The North’s fifth nuclear test proved the country’s leader Kim Jong-un’s “maniacal recklessness” in completely ignoring the world’s call to abandon his pursuit of nuclear weapons, Ms Park was quoted as saying by her office.
The confirmation followed reports there was a “high possibility” the North had conducted a fifth nuclear test, after a magnitude-5.3 seismic event was detected near North Korea’s Pyunggye-ri nuclear test site as the country celebrated its foundation day.
Ms Park condemned the move as an act of “self-destruction” that would deepen its isolation.
The test will send tensions soaring over the North’s nuclear and ballistic missile ambitions, which have already earned international condemnation and United Nations sanctions.
Ms Park spoke out against the “manic recklessness” of the North’s young ruler Kim Jong-un, who has exulted in a series of ballistic missile launches and the last nuclear test in January.
“Kim Jong-un’s regime will only earn more sanctions and isolation … and such provocation will further accelerate its path to self-destruction,” she said, warning his obsession with creating a nuclear arsenal posed a grave challenge.
“We will step up pressure on the North by using all possible measures, including more, stronger sanctions on the North with the international community and at the UN Security Council,” she said.
Australia condemns action as ‘reckless, dangerous’
Prime Minister Malcolm Turnbull described the test as a “reckless, provocative dangerous action”.
Speaking to reporters in Micronesia, Mr Turnbull said the UN Security Council had already considered eight breaches by North Korea before Friday’s test.
“The recklessness of North Korea puts the world’s peace at risk,” he said.
“It’s persistent, it’s provocative, it’s dangerous.”
Australian Foreign Minister Julie Bishop said it was “extremely destabilising behaviour”.
Ms Bishop told reporters in London that the test was in “flagrant breach of numerous security council resolutions”.
“We condemn in the strongest possible terms this further provocative action by North Korea,” she said.
Ms Bishop said China’s response would be sought to the action, saying the country had a “special role to play, given its proximity to the North Korean regime”.

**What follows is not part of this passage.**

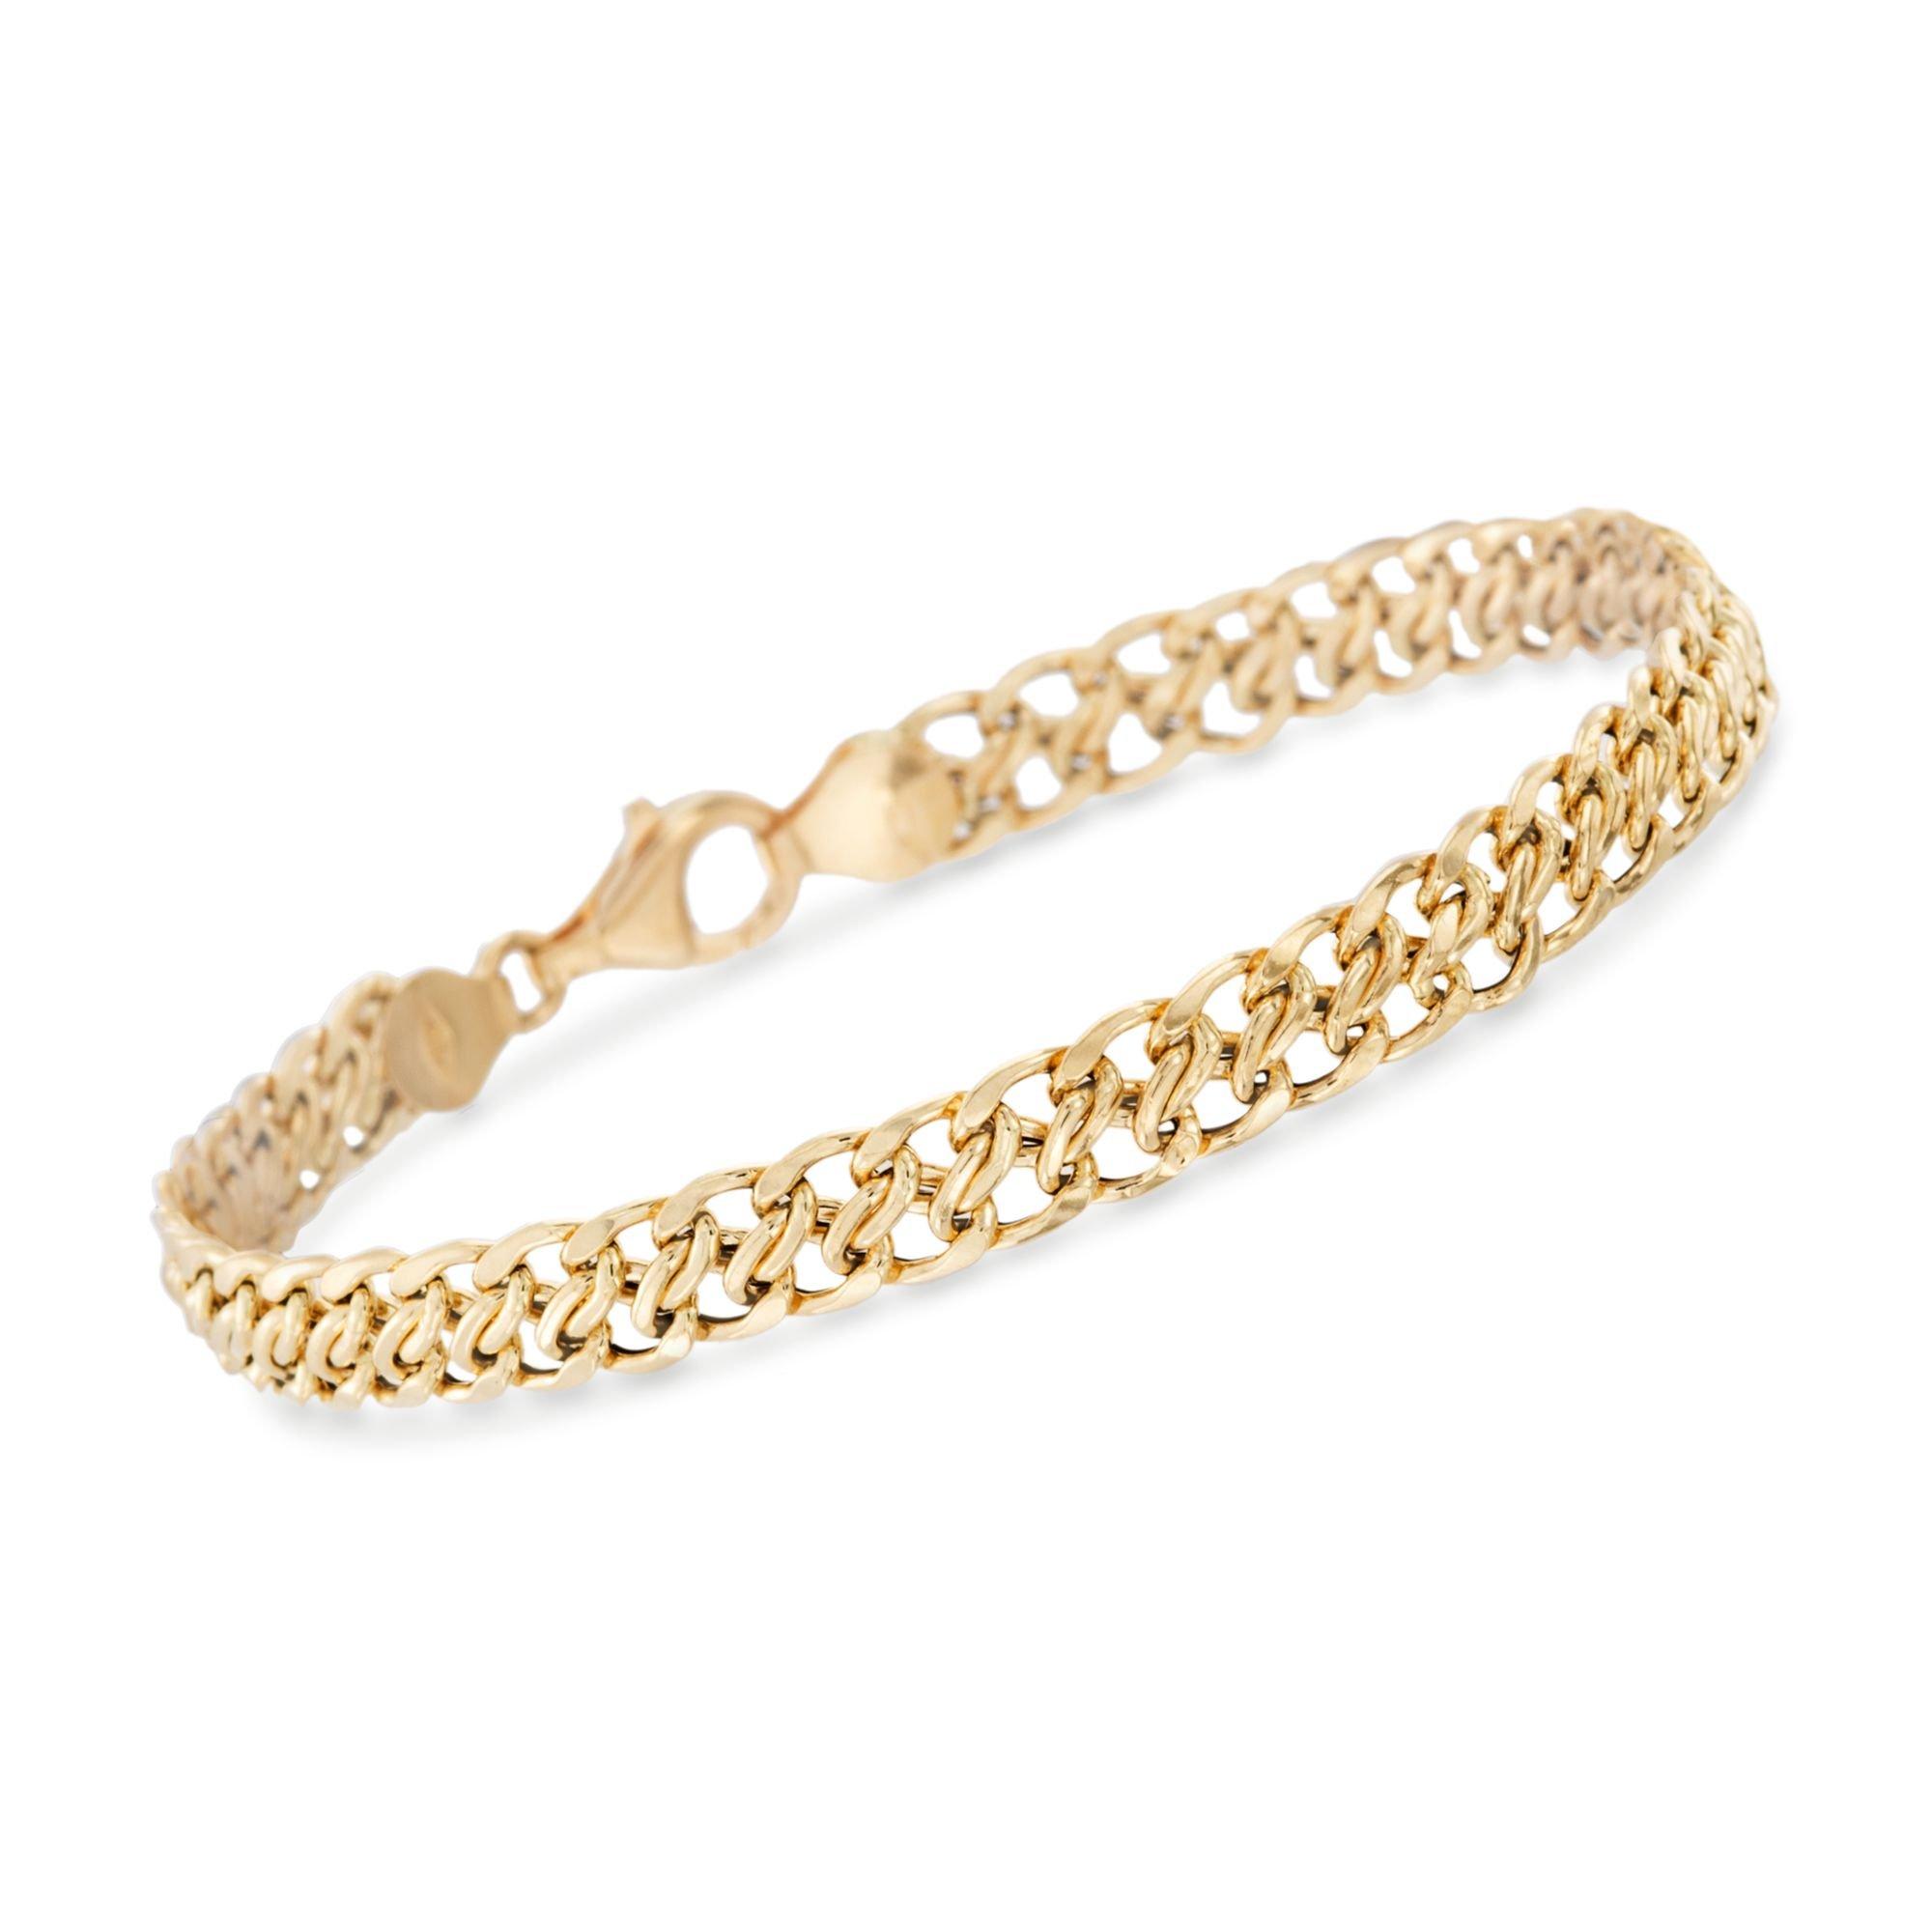 Ross-Simons Italian 18kt Yellow Gold Flat-Link Chain Bracelet

Most powerful test to date
Seismic monitors detected a magnitude-5.3 “artificial earthquake” near the North’s Punggye-ri nuclear test site, with “almost identical patterns” to previous detonations, according to South Korean experts.
“We believe that it was a nuclear test. We are trying to figure out whether it was successful. The blast measured about 10 kilotons,” a Defence Ministry spokesman in Seoul told reporters.
The North’s third nuclear test, staged in February 2013, was previously considered the most powerful to date, with a yield of six to nine kilotons.
“The 10-kiloton blast was nearly twice the fourth nuclear test and slightly less than the Hiroshima bombing, which was measured about 15 kilotons,” Kim Nam-wook, from the South’s meteorological agency, said.
Japan’s public broadcaster NHK reported the country’s defence ministry was preparing to dispatch aircraft to analyse air samples to see if any radiation could be detected.
“If North Korea conducted a nuclear test, that can never be tolerated. We must lodge a strong protest,” Japanese Prime Minister Shinzo Abe said.
The US National Security Council said it was aware of seismic activity in the region of the test site and was “monitoring and continuing to assess the situation in close coordination with our regional partners”.